Правда, можно гордиться, что так и не потянул никого за собой, мелькнувшая было еще у Штейна фамилия Смирнова так и осталась без последствий для Иллариона, а Панин – что ж, Панин сам оклеветал и себя, и его. Но совесть грызла и перед Паниным, в памяти вставал не разбитый пытками старик, а гимназист восьмого класса, с которым на каток ходили. Мечты о Прекрасной Даме, весенние вечера на бульварах, чушь и бредни юности.

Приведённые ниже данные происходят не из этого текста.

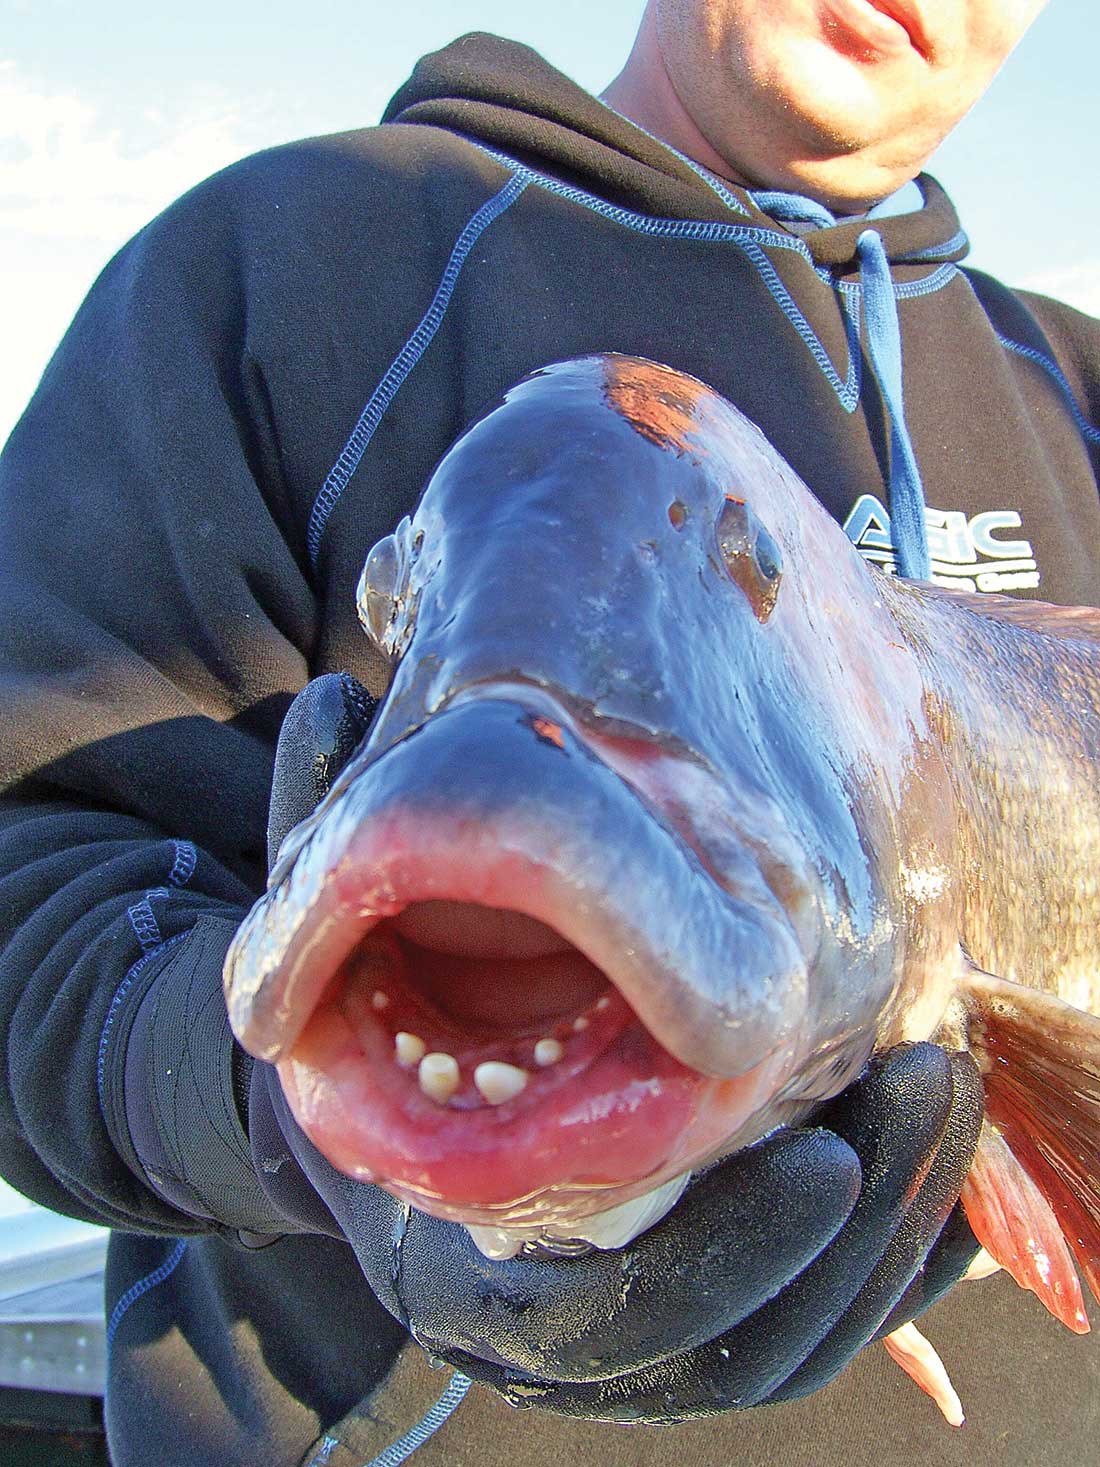 A tautog’s teeth are designed for crushing shellfish and mussels

Бредни бреднями, а стихи Блока, вспомнившиеся в связи с Паниным, заняли Георгия Андреевича. И даже стихотворение «Ты отходишь в сумрак алый» зазвучало в памяти Костиной декламацией. Потом вспомнилась «Русь моя» – очень кстати со строкою «Царь, да Сибирь, да Ермак, да тюрьма!». Но дальше пошло как-то туго. Он мучительно напрягал память в поисках исчезнувших слов. Нес, конечно, отсебятину и даже чувствовал где, но как проверишь? Он клял теперь свою гимназическую ненависть к учению стихов наизусть – сейчас даже строчки Майкова, поднявшись бог весть с каких глубин, приносили какую-то радость, но и мучение. Ну хорошо: «Весна! Отворяется первая рама!» Нет, не отворяется, рамы выставляли. Значит, «выставляется первая рама». Там, в рифме, вспомнилось, что-то про благовест храма. Но как связать? А дальше, дальше-то что?
Дальше Георгий Андреевич сам стал сочинять. Что бы он написал на месте Майкова. Потом стал мерить шагами камеру, стараясь попасть в ритмы ямба, быстрого хорея, степенного амфибрахия. Так сочинялось легче.

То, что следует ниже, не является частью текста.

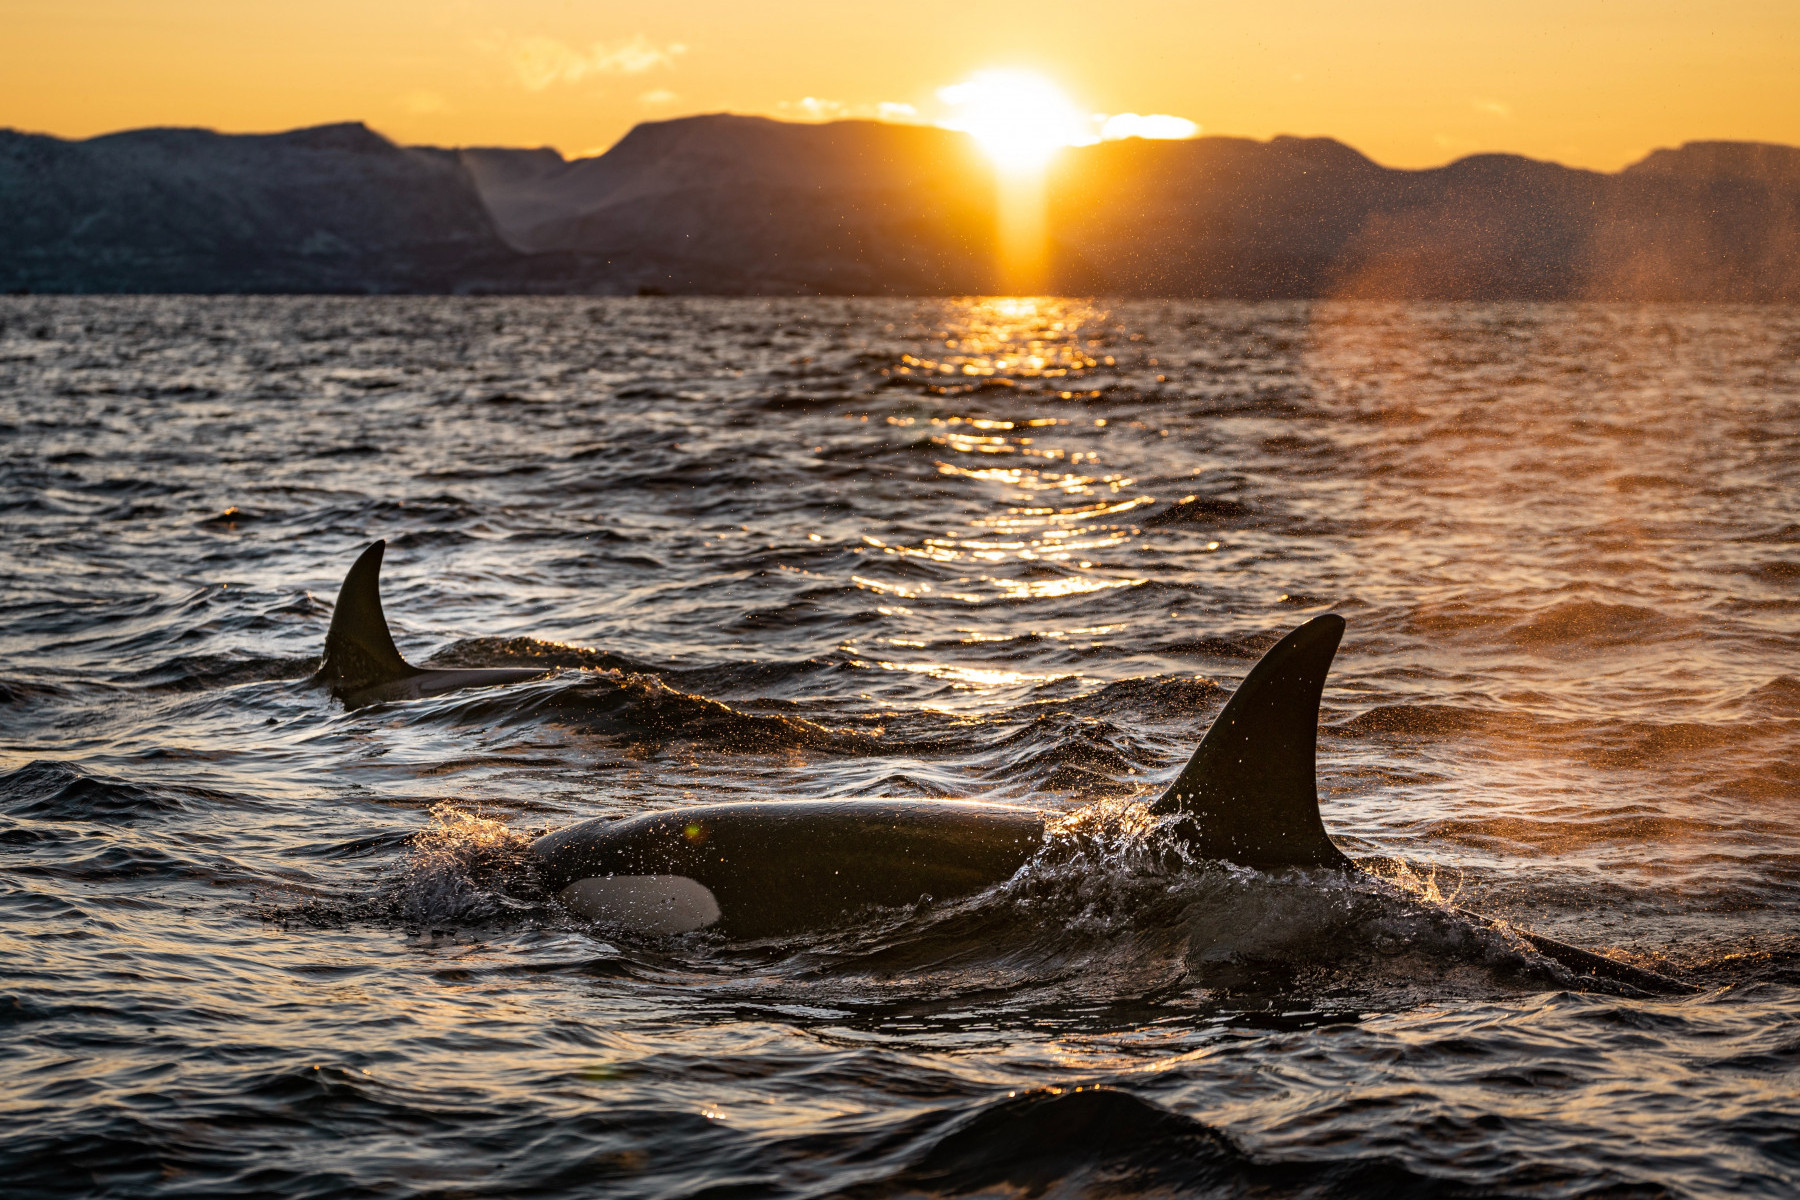 Two orca whales swimming in the ocean with the sun setting in the background.

Оказывается, русская поэзия писалась для препровождения времени в одиночной камере. Чем больше строчек у тебя застряло в памяти, тем легче переносить тюремную тоску. Интересно, что бы по этому поводу сказал Афанасий Афанасьевич Фет?
* * *
– Фелицианов! На допрос.
О господи, что им еще надо? Но здесь вопросов не задают, здесь, видите ли, судьбы решают. Вершат.
Привели Фелицианова в тот же кабинет, где продержали все девять дней допроса. На том же месте и, кажется, в той же позе сидел его двойник. Папочка с делом лежала на столе, повязанная бантиком из розовой ленты. Странную речь повел следователь:
– Отдохнули, выспались? Вот и прекрасно. Разговор нам предстоит серьезный, так что я позаботился о том, чтобы вы были в хорошей форме.
– Покорнейше благодарю. – Получилось несколько вызывающе, но Лисюцкий как бы не заметил.
– В известной степени, дальнейшее развитие событий целиком в ваших руках. Дело закончено производством, я его пущу по инстанциям, но… – и замолк. Ждал вопроса от Фелицианова. А Георгий Андреевич решил не любопытствовать: хочет играть в таинственность – его дело.
Паузу Лисюцкий передержал, никаким интересом арестант не загорелся, эффект был смазан. Но Лисюцкий упрям и в упрямстве последователен. Молчание пришлось прервать самому:
– Вам, я вижу, не очень интересно, что может последовать за моим «но».
– Думаю, мало хорошего.
– Ошибаетесь. В нашем случае за «но» может следовать вот что: решение на ваш счет можно и переменить. В благоприятную для вас сторону.
– Меняйте. – Сказано было тоном безразличным: гэпэушнику Фелицианов не верил ни на грош, а будущий каторжный срок пока представлялся некой абстракцией, голой цифрой, он удерживал воображение от видений Соловецких островов, благо и не бывал там никогда, только шепоты слышал.
– Вы, я вижу, плохо меня поняли. Речь идет не только об облегчении вашей участи.
– О чем же?
– О свободе. Я имею возможность выпустить вас сегодня же.
– Ну так и выпускайте.
– Как вы, наверно, догадываетесь, тут и ваши усилия потребуются. Небольшие. Всего лишь подпись поставить.
– Я уже поставил.
– Да, под протоколом. Но у меня найдется и другая бумага. Ее значение в вашей судьбе диаметрально противоположное. Нам нужно ваше согласие о сотрудничестве. Только и всего.
– Боюсь, что ничем не могу быть вам полезным.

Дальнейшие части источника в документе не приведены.